Activity.
Omit the pictures. Transcribe exactly the lines below, from the one with "GoLang: The Better Framework" up to and including the last.

Given material.
######

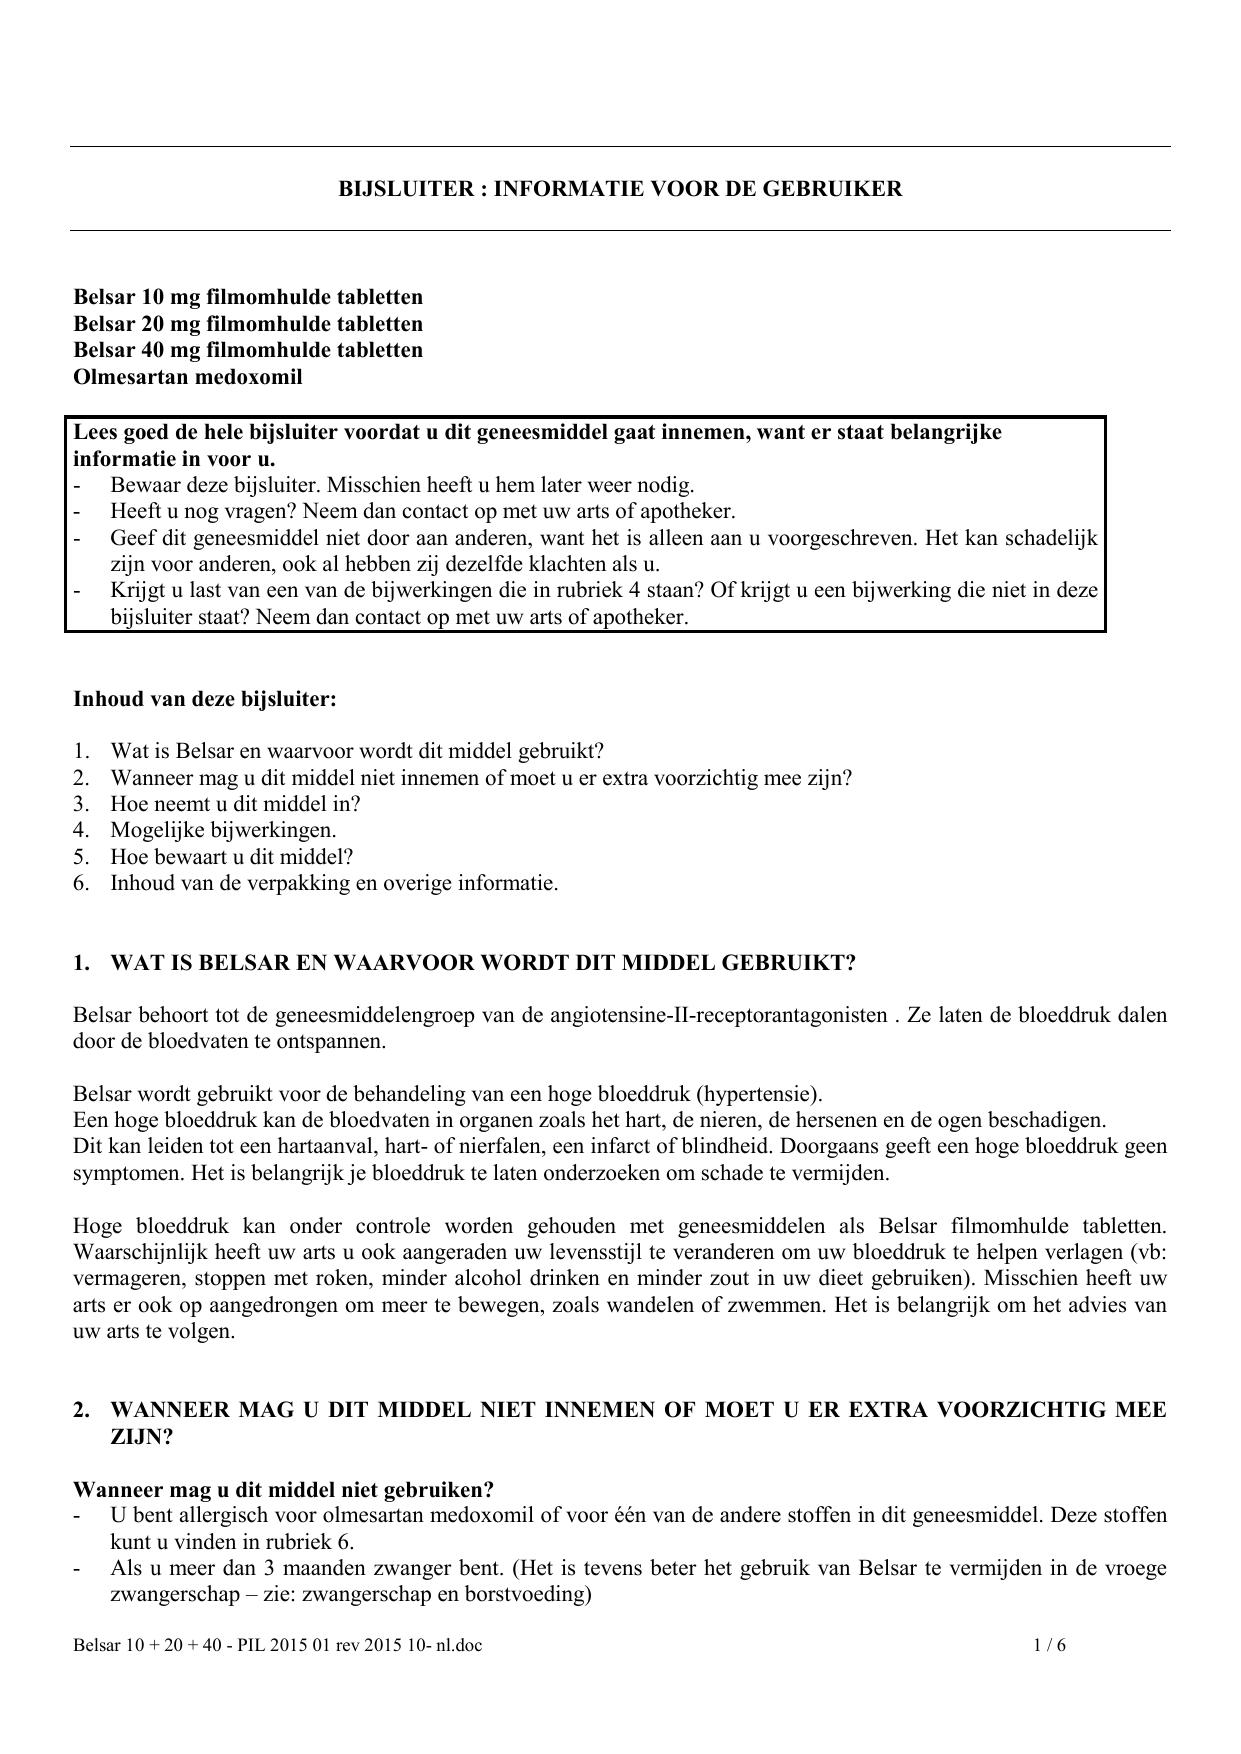 Bijsluiter Informatie Voor De Gebruiker Belsar 10 Mg
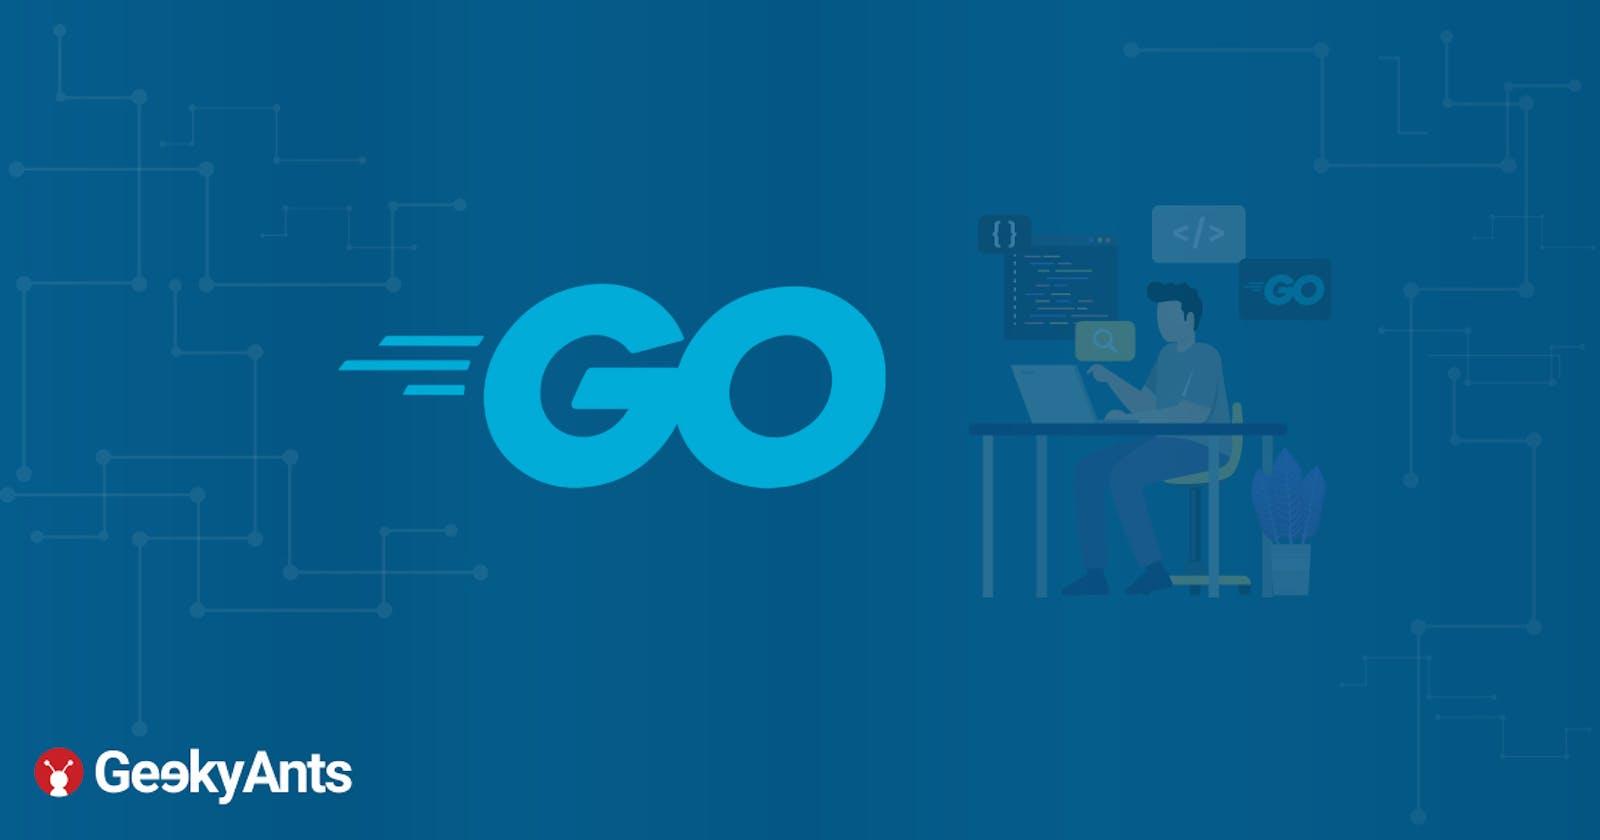 GoLang: The Better Framework
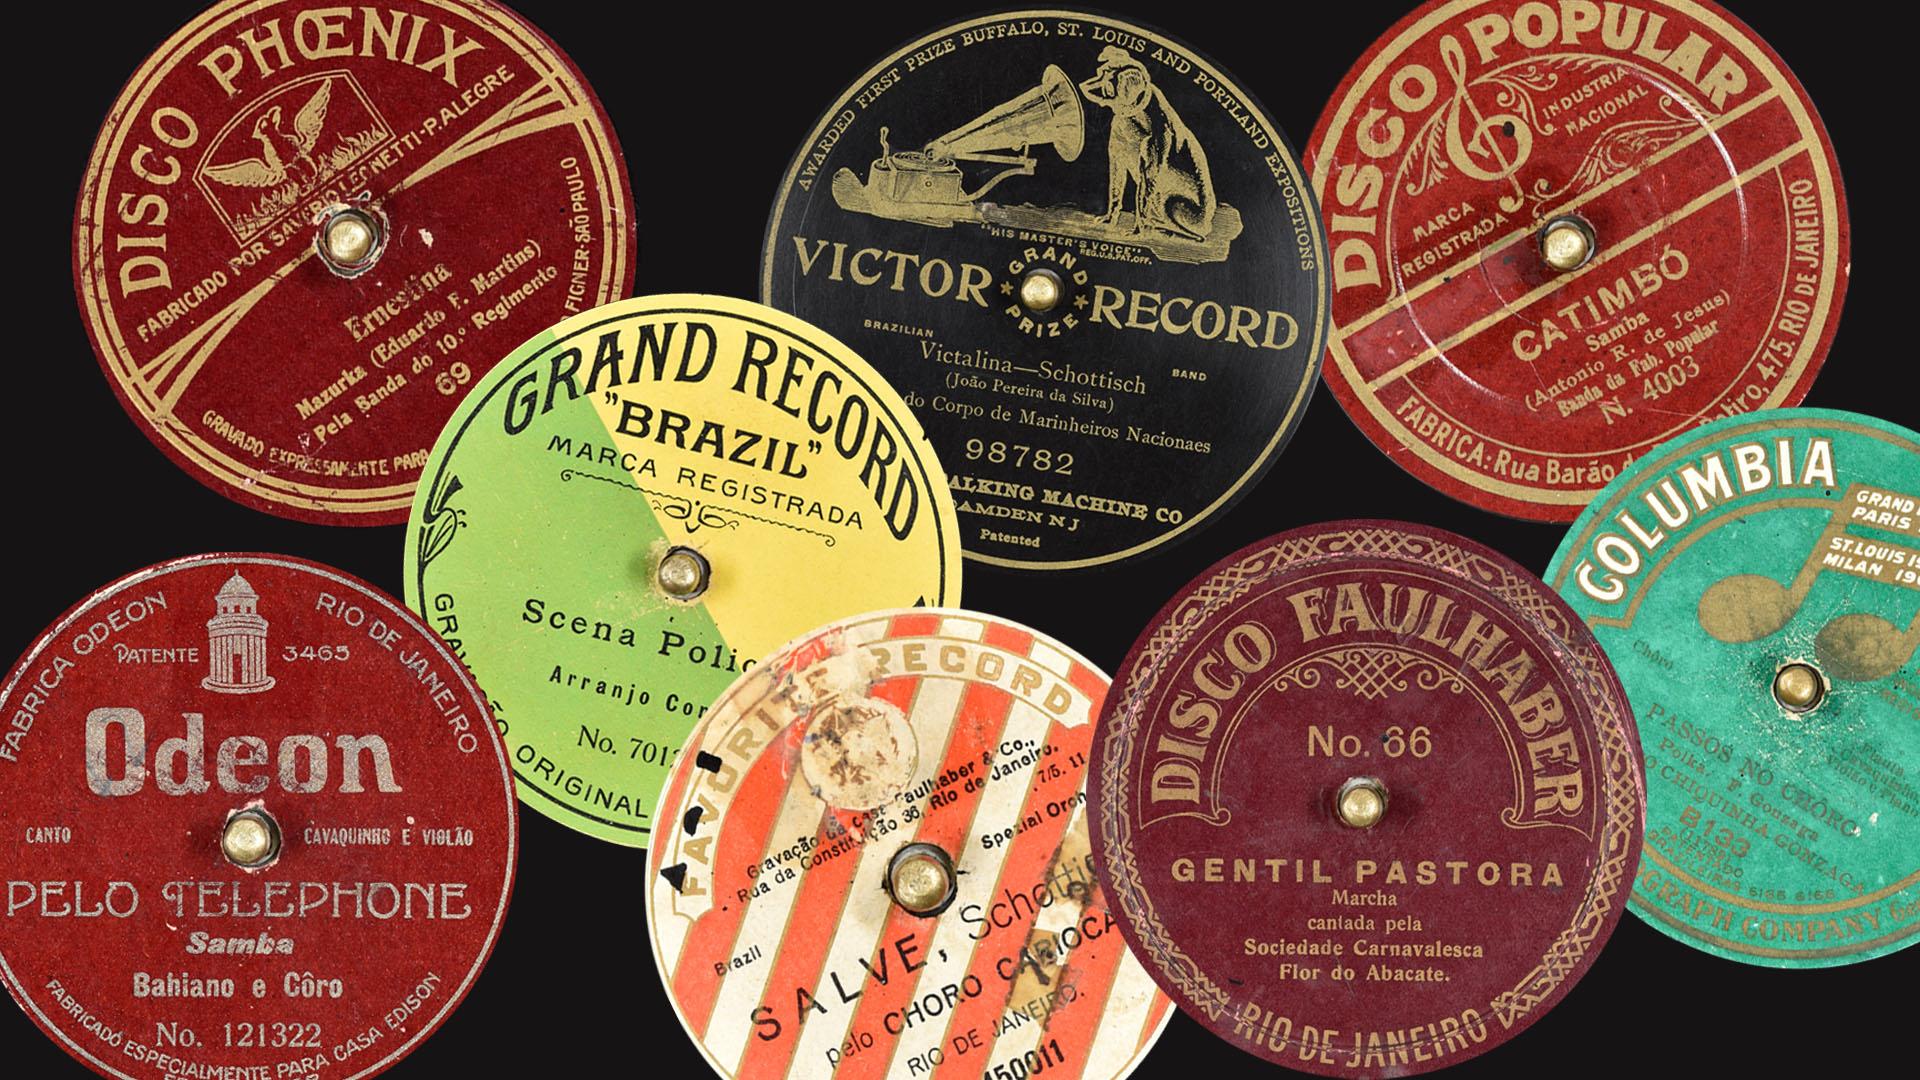 Etiquetas redondas com informações sobre os discos 78 rpm
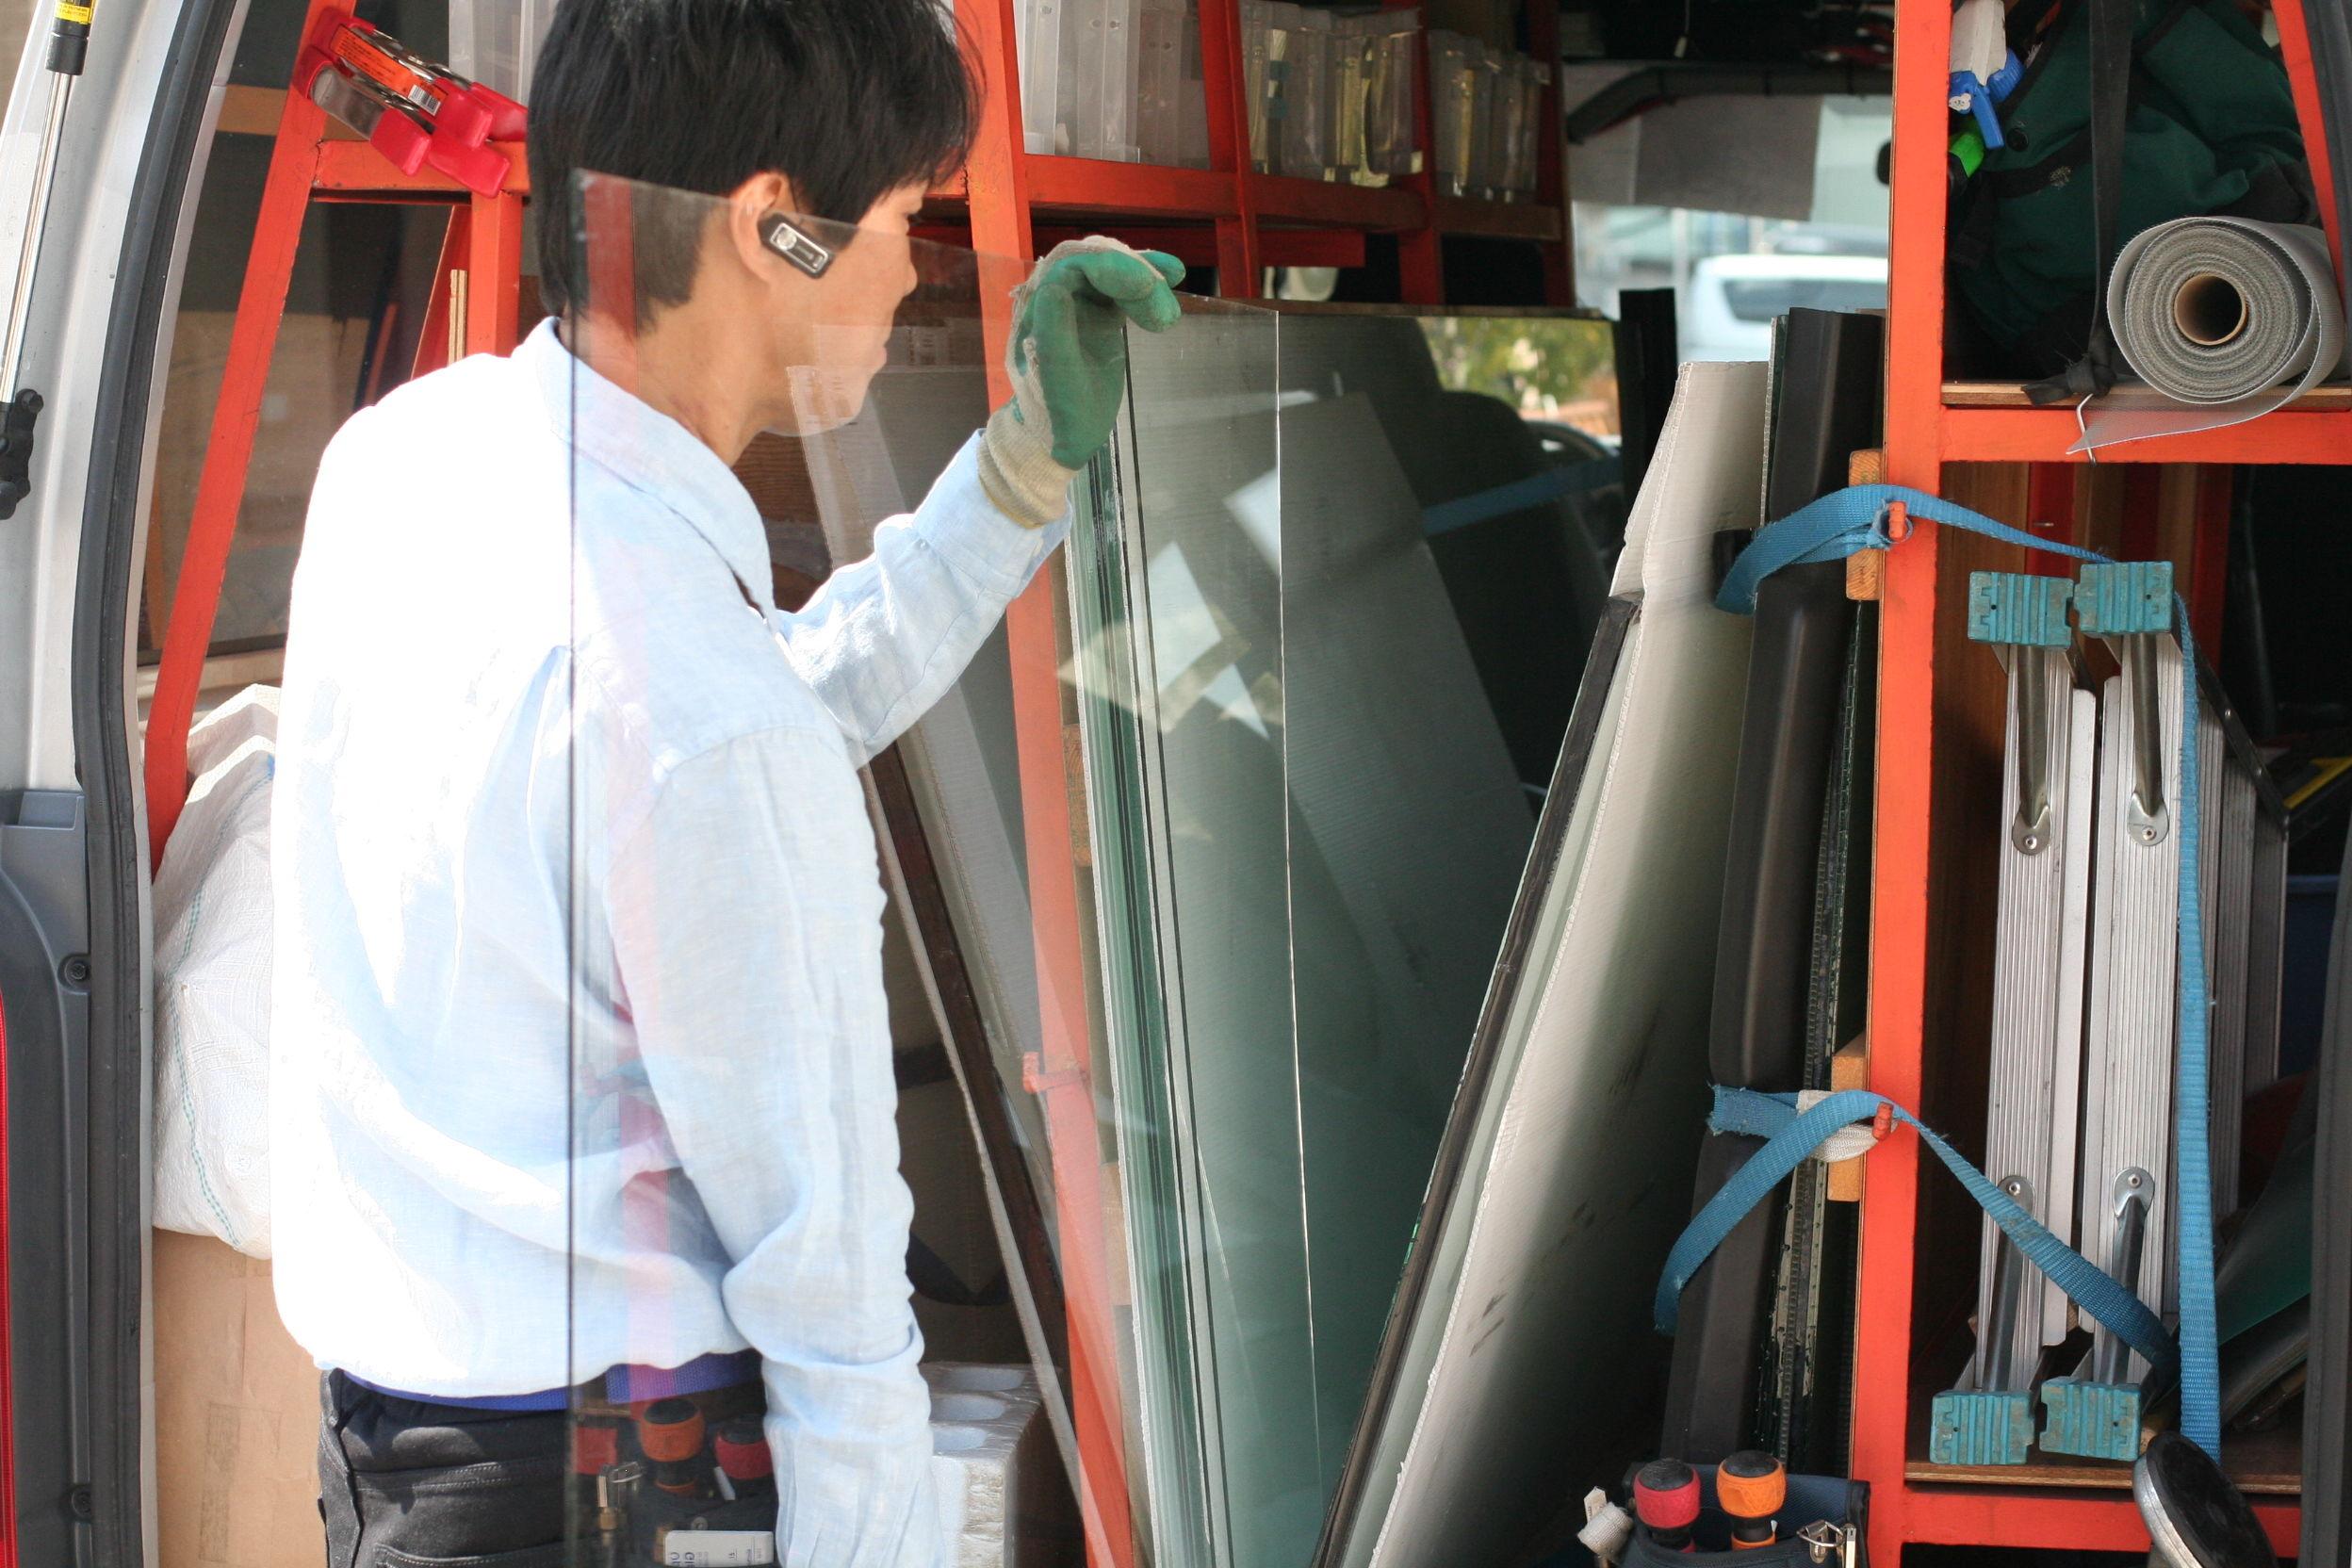 ガラスのトラブル救急車【龍ケ崎市 出張エリア】の店内・外観画像3

######

Finished task.
 GoLang: The Better Framework
 Etiquetas redondas com informações sobre os discos 78 rpm
 ガラスのトラブル救急車【龍ケ崎市 出張エリア】の店内・外観画像3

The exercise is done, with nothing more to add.